John Thomson & Adolphe Smith, 1877, Street Life in London, (London: Sampson Low, Marston, Searle and Rivington).
 
"Awaiting the moment when the costermonger is able to procure a barrow of his own he must pay eighteen pence per week for the cost of hiring. Then he must beware of the police, who have a knack of confiscating these barrows, on the pretext that they obstruct the thoroughfare and of placing them in what is termed the Green Yard, where no less than a shilling per day is charged for the room the barrow is supposed to occupy. At the same time, its owner will probably be fined from half a crown to ten shillings so that altogether it is much safer to secure a good place in a crowded street market.
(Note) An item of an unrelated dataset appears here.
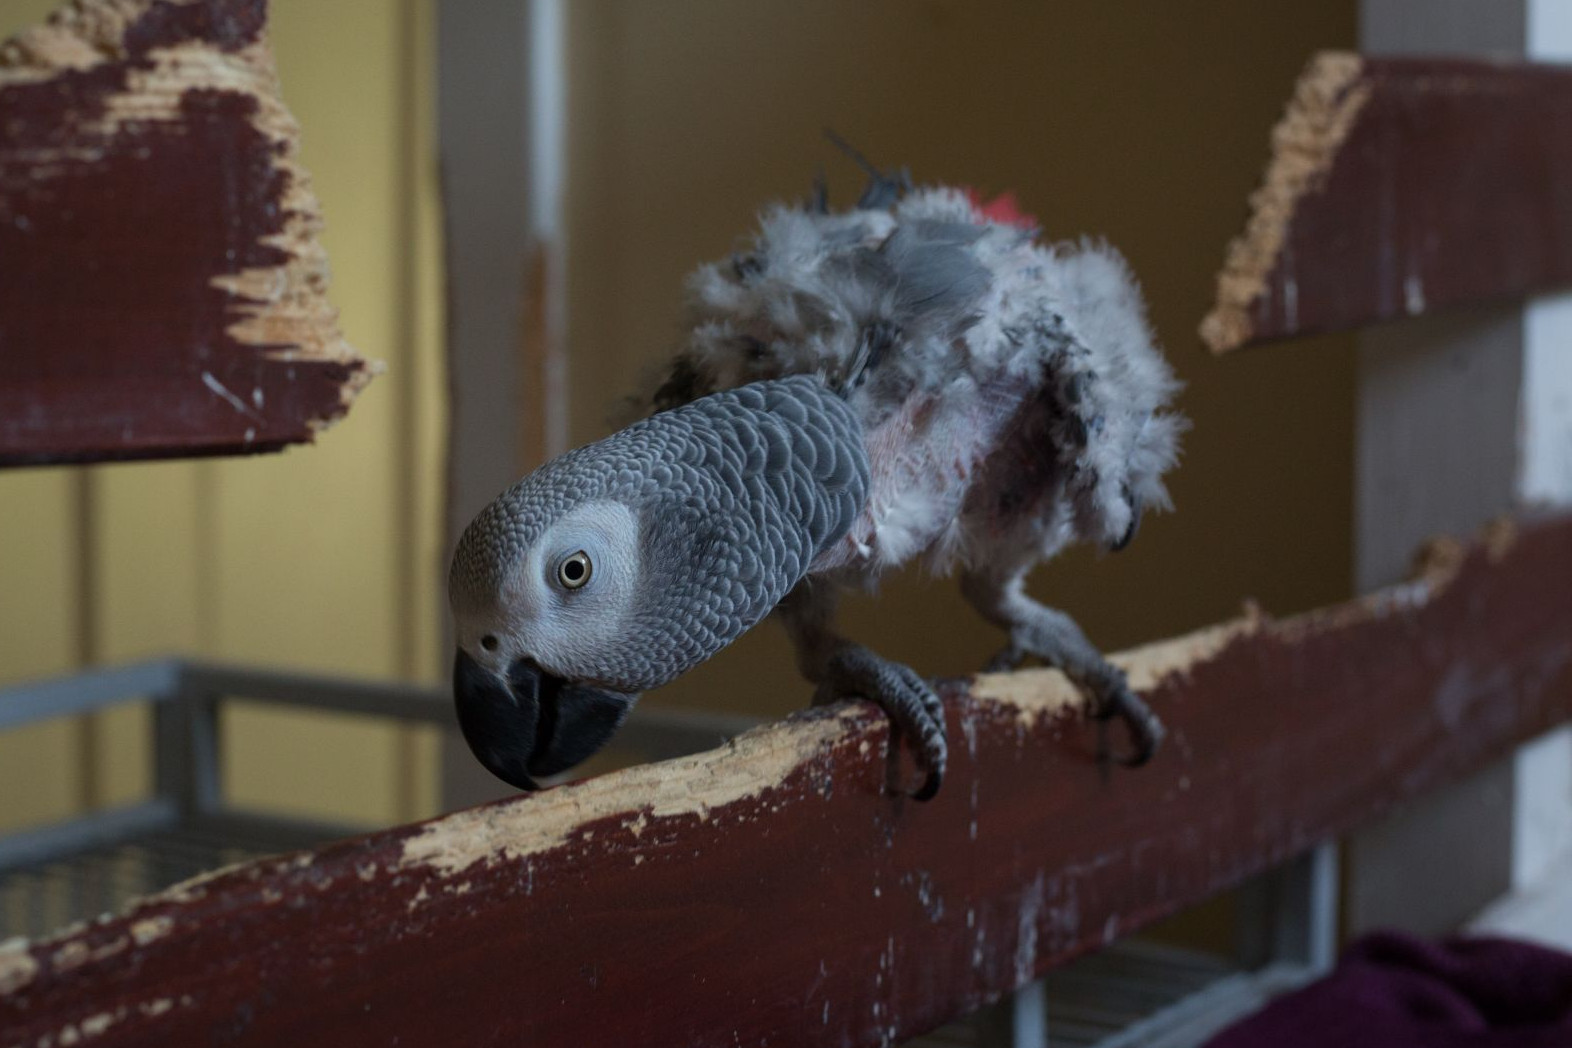 African grey parrot - Wildlife. Not pets - World Animal Protection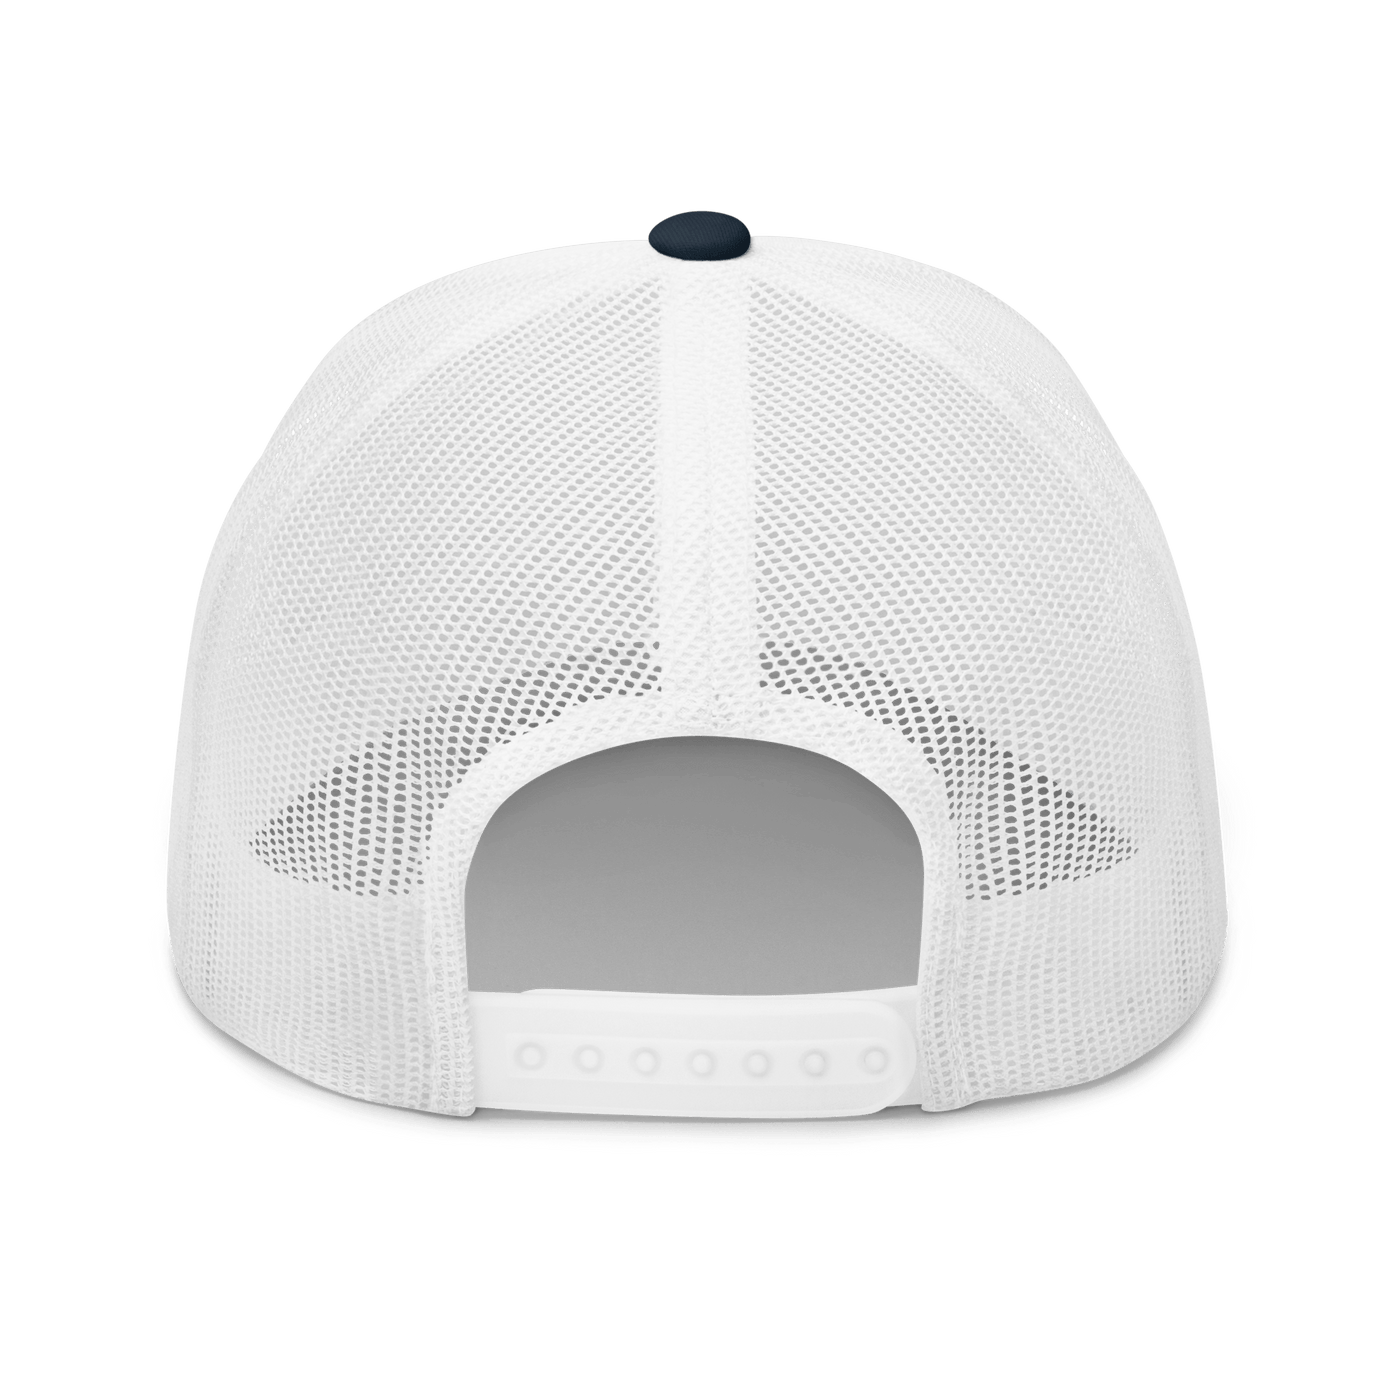 Fish & Chips Trucker Cap - Navy/ White - - Just Another Cap Store

In this respect, Joseph Carney, the costermonger, whose portrait is before the reader, has been most fortunate. He stands regularly in the street market that stretches between Seven Dials and what is called Five Dials, making his pitch by a well-known newsagent's, whose shop serves as a landmark. Like the majority of his class, he does not always sell fish, but only when the wind is propitious and it can be bought cheaply. On the day when the photograph was taken, he had succeeded in buying a barrel of five hundred fresh herrings for twenty five shillings. Out of these he selected about two hundred of the largest fish, which he sold at a penny each, while he disposed of the smaller herrings at a halfpenny.
 
"Trade was brisk at that moment, though the fish is sometimes much cheaper. Indeed, I have seen fresh herrings sold at five a penny; and this is all the more fortunate, as notwithstanding the small cost, they are, with the exception of good salmon, about the most nutritious fish in the market."